# [EXERCISE BRIEF]
Skip the pictures and give back the rest of the listing exactly.

# [STORED DATA]

★ ★ ★ ★

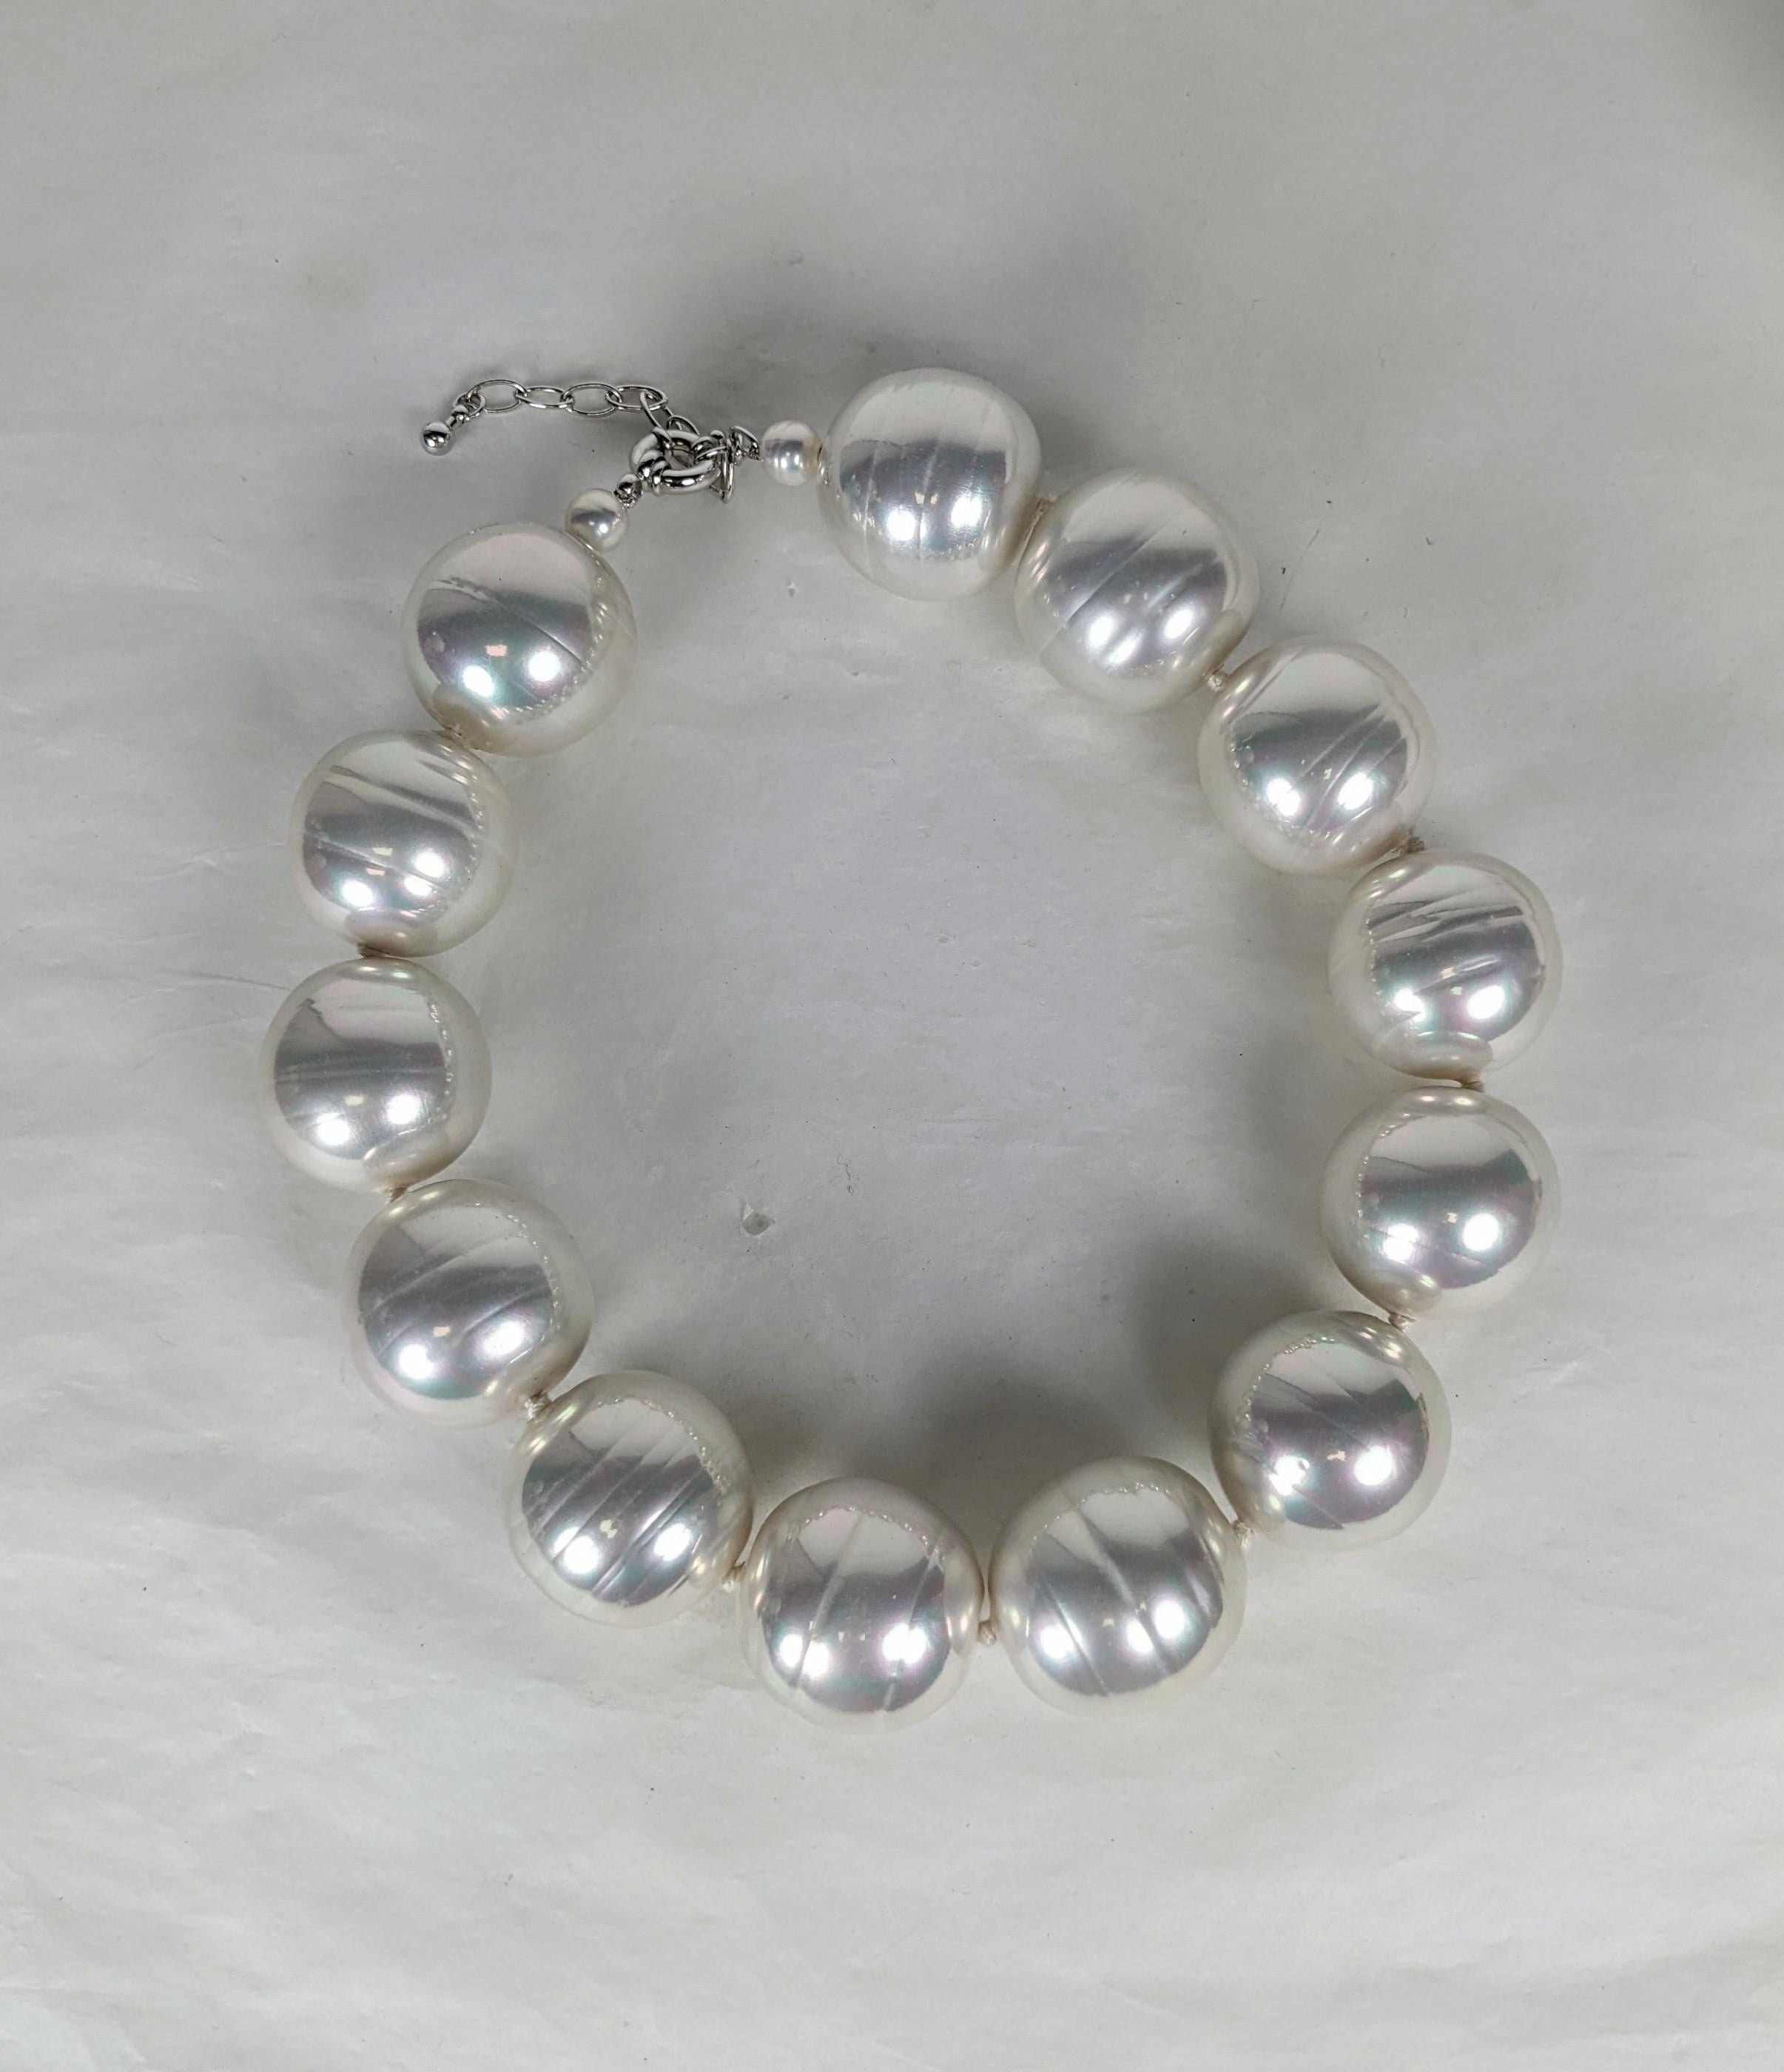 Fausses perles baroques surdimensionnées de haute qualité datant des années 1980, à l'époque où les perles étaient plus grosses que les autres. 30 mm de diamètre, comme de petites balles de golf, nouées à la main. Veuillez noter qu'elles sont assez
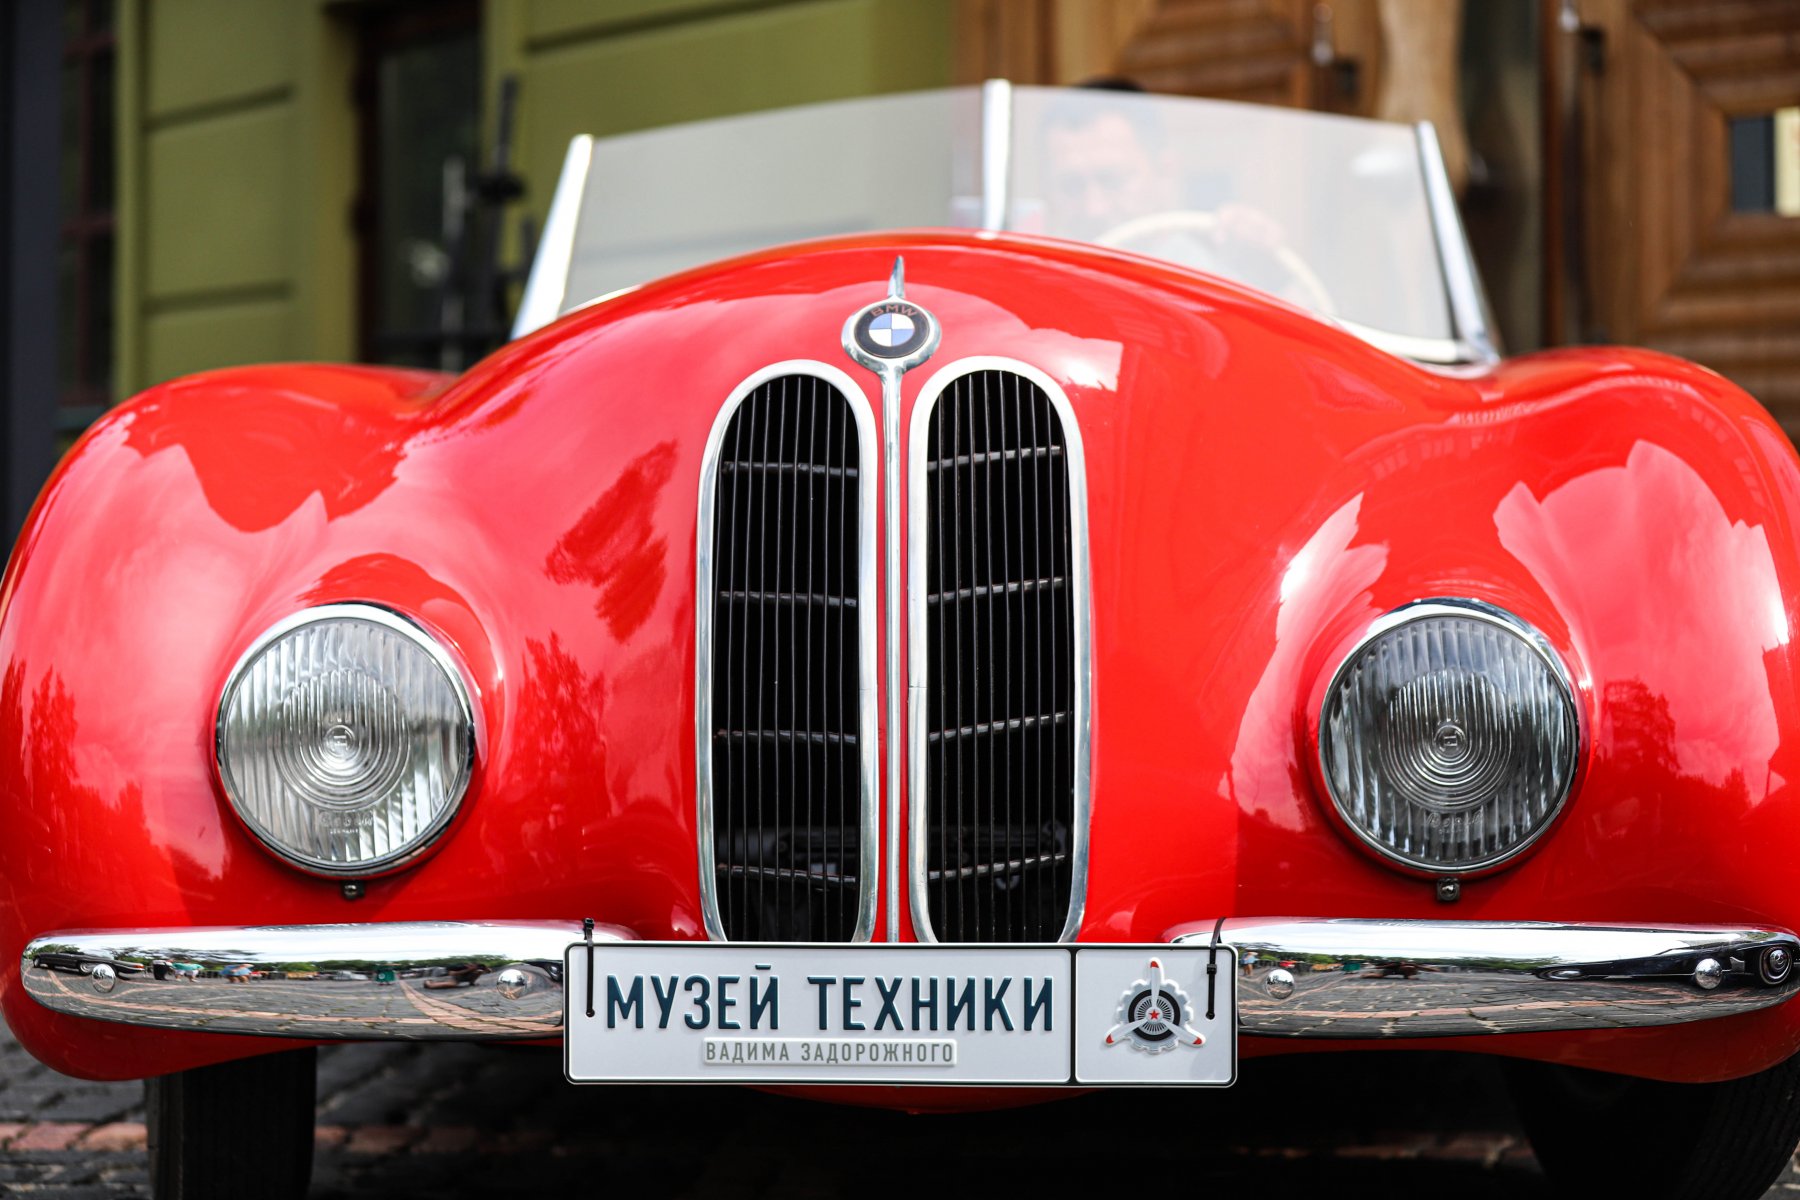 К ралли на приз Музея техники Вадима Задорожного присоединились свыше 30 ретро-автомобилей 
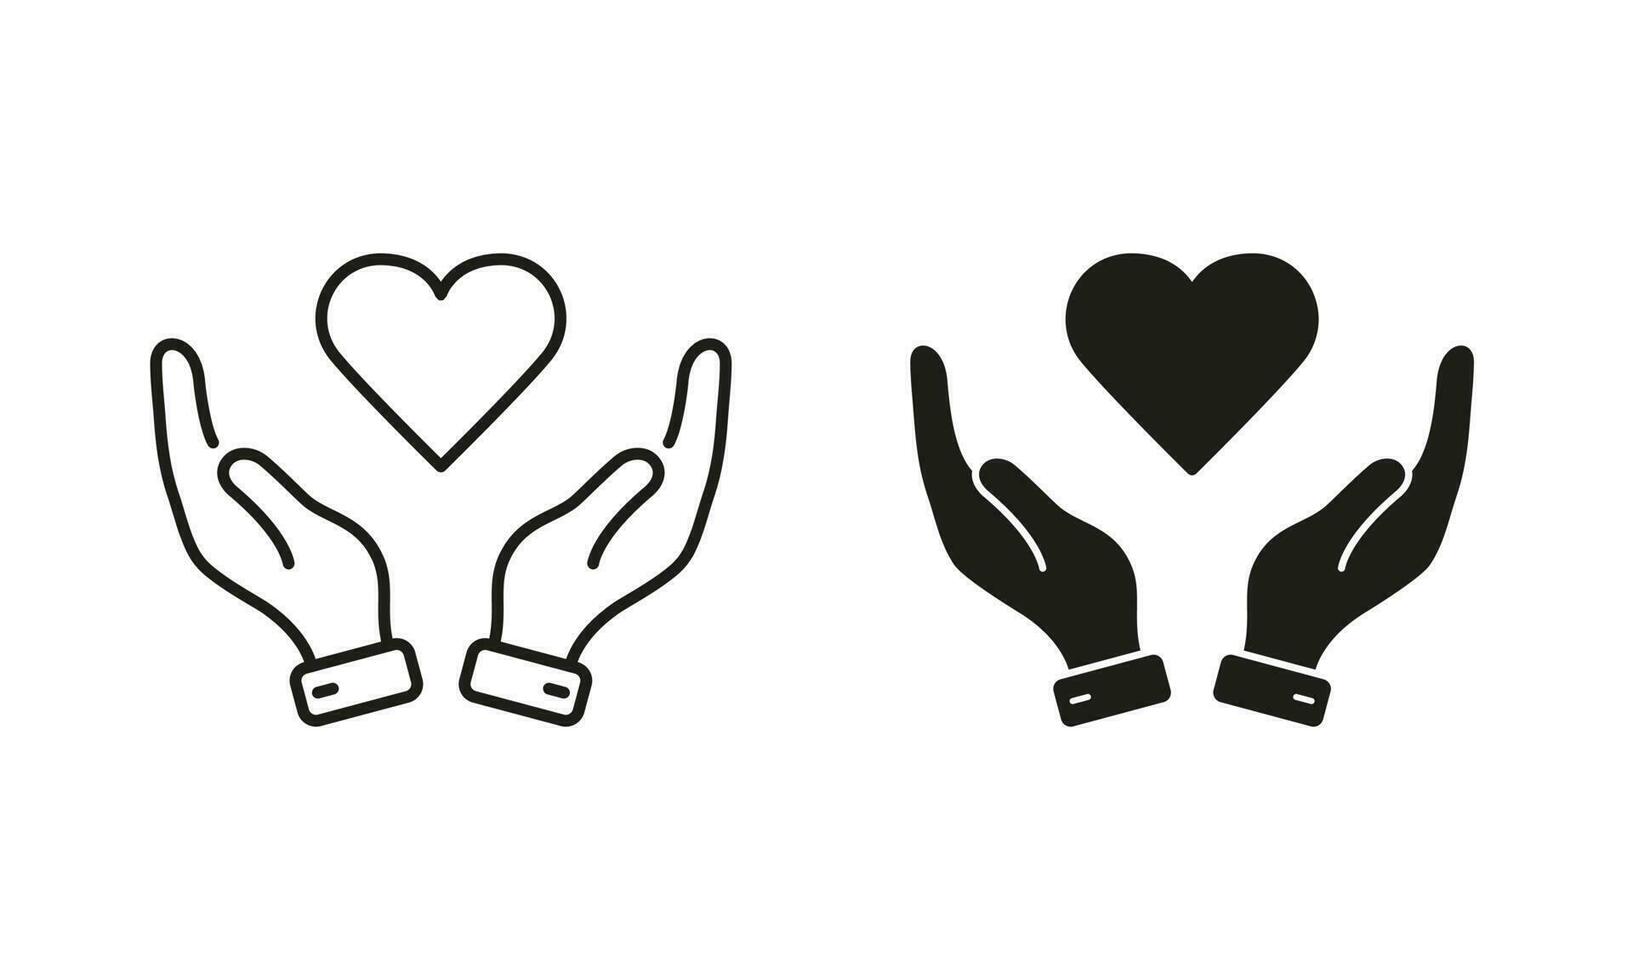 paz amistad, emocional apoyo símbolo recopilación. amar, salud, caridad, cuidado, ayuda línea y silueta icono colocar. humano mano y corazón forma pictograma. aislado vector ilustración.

★ ★ ★ ★

# [ANSWER SECTION]
 Fausses perles baroques surdimensionnées de haute qualité datant des années 1980, à l'époque où les perles étaient plus grosses que les autres. 30 mm de diamètre, comme de petites balles de golf, nouées à la main. Veuillez noter qu'elles sont assez
 К ралли на приз Музея техники Вадима Задорожного присоединились свыше 30 ретро-автомобилей 
 paz amistad, emocional apoyo símbolo recopilación. amar, salud, caridad, cuidado, ayuda línea y silueta icono colocar. humano mano y corazón forma pictograma. aislado vector ilustración.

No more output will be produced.